2.1. Immune Checkpoint Inhibitors—Efficacy and Toxicity
CheckMate-649 was a Phase III randomized, open-label trial in adults with first-line, unresectable, HER2-, advanced or metastatic G/GEJ adenocarcinomas, regardless of their PD-L1 CPS score [3]. A total of 1581 patients were randomized to receive either (i) nivolumab + chemotherapy (XELOX Q3W or FOLFOX Q2W), (ii) nivolumab + ipilimumab, or (iii) chemotherapy alone. The trial showed that the addition of nivolumab to chemotherapy resulted in improved OS (hazard ratio [HR] 0.79 at 12.1 months) and progression-free survival (PFS) in the overall population (Table 1), with the greatest benefit observed in patients with higher CPS scores [3,9].
The Phase III KEYNOTE-859 trial randomized 1579 patients with treatment-naïve, HER2-, advanced G/GEJ adenocarcinoma to receive either pembrolizumab + chemotherapy (FP or CAPOX) or chemotherapy alone [4]. Outcomes were significantly improved with the addition of pembrolizumab to chemotherapy (Table 1), including a significant OS benefit (HR 0.78 after a median of 31 months follow-up).
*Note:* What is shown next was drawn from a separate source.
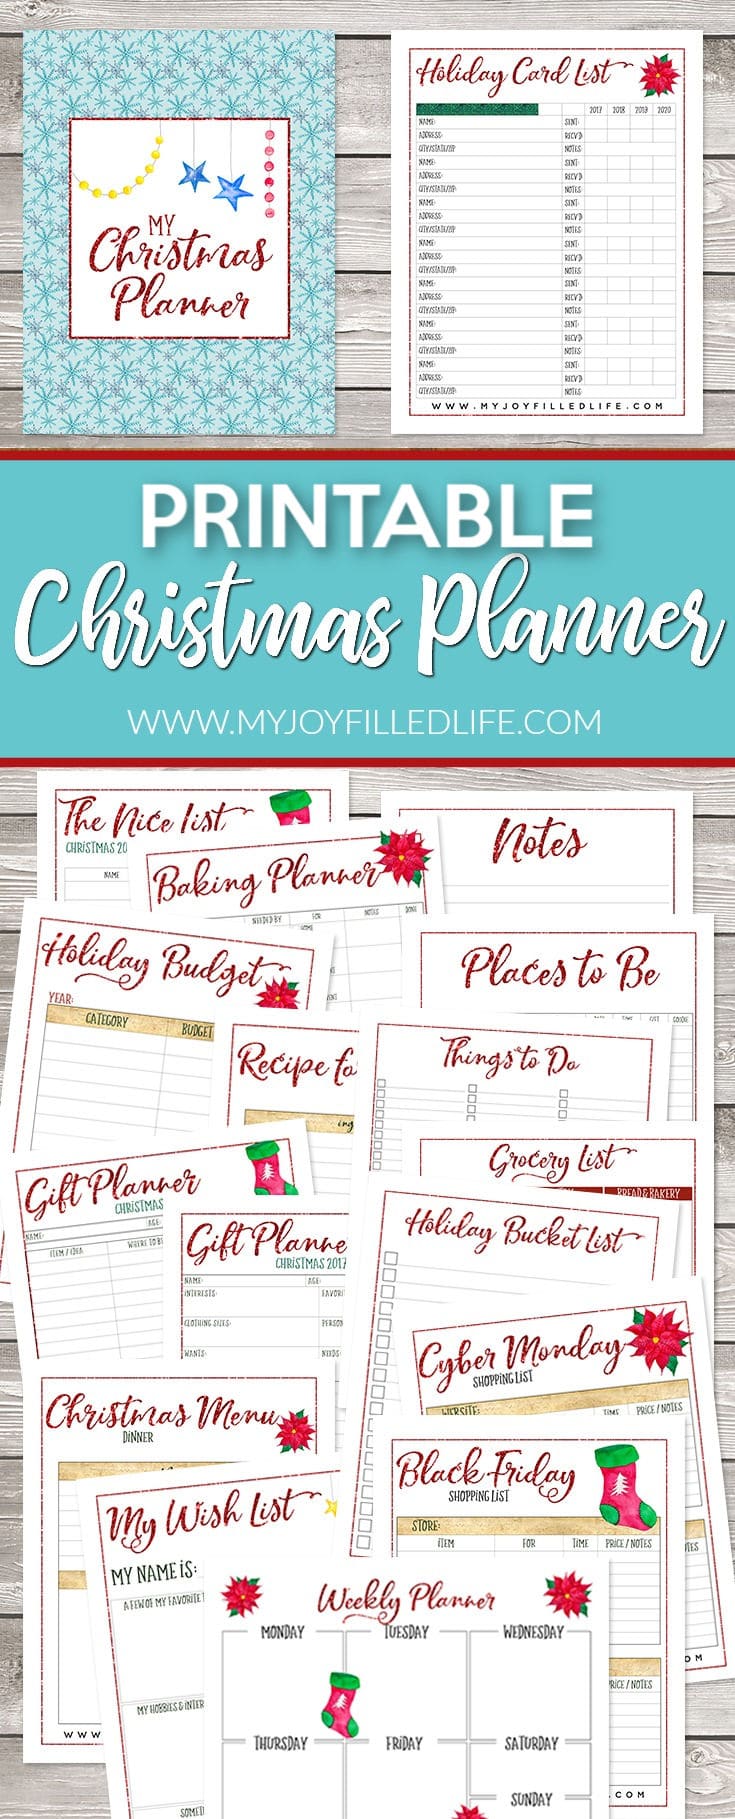 A printable Christmas planner that you download and print out at home. It contains 22 different planning pages that will help you get organized and ready for the Christmas season. #Christmas #Christmasplanning #Christmasplanner #printable

Again, the magnitude of benefit increased with higher PD-L1 expression levels.
Collectively, these trials show consistent, clinically relevant benefit from PD-1 blockade, particularly in tumors with CPS ≥10 and no meaningful benefit when CPS is <1 [4,9]. The benefit is less clear for tumors with CPS 1–9. To address this, the U.S. Food and Drug Administration (FDA) evaluated OS outcomes by different PD-L1 CPS thresholds using the data for nivolumab (Figure 1) and pembrolizumab (Figure 2). Overall, an OS benefit was not shown at lower thresholds (CPS < 1, CPS < 5, and CPS < 10) or within the “grey zones” of CPS 1 to <5 and CPS 5 to <10. An important limitation of these analyses is that the cohorts for these PD-L1 CPS scores are small (<100 for nivolumab), and the confidence intervals are wide. Nonetheless, the findings suggest that OS with ICIs occurs along a gradient, with no benefit when CPS is <1 and questionable benefit when CPS is <10. This makes the reliability of PD-L1 biomarker testing a critically important consideration when selecting initial therapy for G/GEJ adenocarcinoma. A similar analysis was conducted by the European Medicines Agency, with comparable findings.
ICI therapies have a favorable overall tolerability profile; however, a concern with these agents is the longer-term risk of serious immune-related adverse events (irAEs) such as hypothyroidism, colitis, myocarditis, immune nephritis, and cutaneous toxicities [12]. Although infrequent, irAEs can be serious and even fatal, they are difficult to predict, and they often have delayed onset (ranging from a few days to several months, with a median time to onset of 40 days) [12,13,14]. In the Phase III trials of ICI therapies in G/GEJ adenocarcinoma, treatment-related adverse events that had a potentially immunologic etiology were most commonly gastrointestinal, hepatic, cutaneous, and thyroid-related, although the type and incidence varied by ICI therapy (Table 2) [4,9]. In the KEYNOTE-859 study, there were two grade 5 pneumonitis events (one in the pembrolizumab arm and one in the placebo arm) [4]. Interventions for irAEs consist of high-dose systemic corticosteroids, immunomodulators (e.g., infliximab), and ICI discontinuation if irAEs are grade ≥2 [14]. Although many irAEs can be controlled or reversed after 4–8 weeks, they can have a prolonged course and require long-term treatment. In a meta-analysis of irAEs associated with ICI therapies in G/GEJ, the overall incidence of irAEs was 16% (all grades); 3% were severe, and 1% were fatal, mostly due to colitis and interstitial lung disease [13].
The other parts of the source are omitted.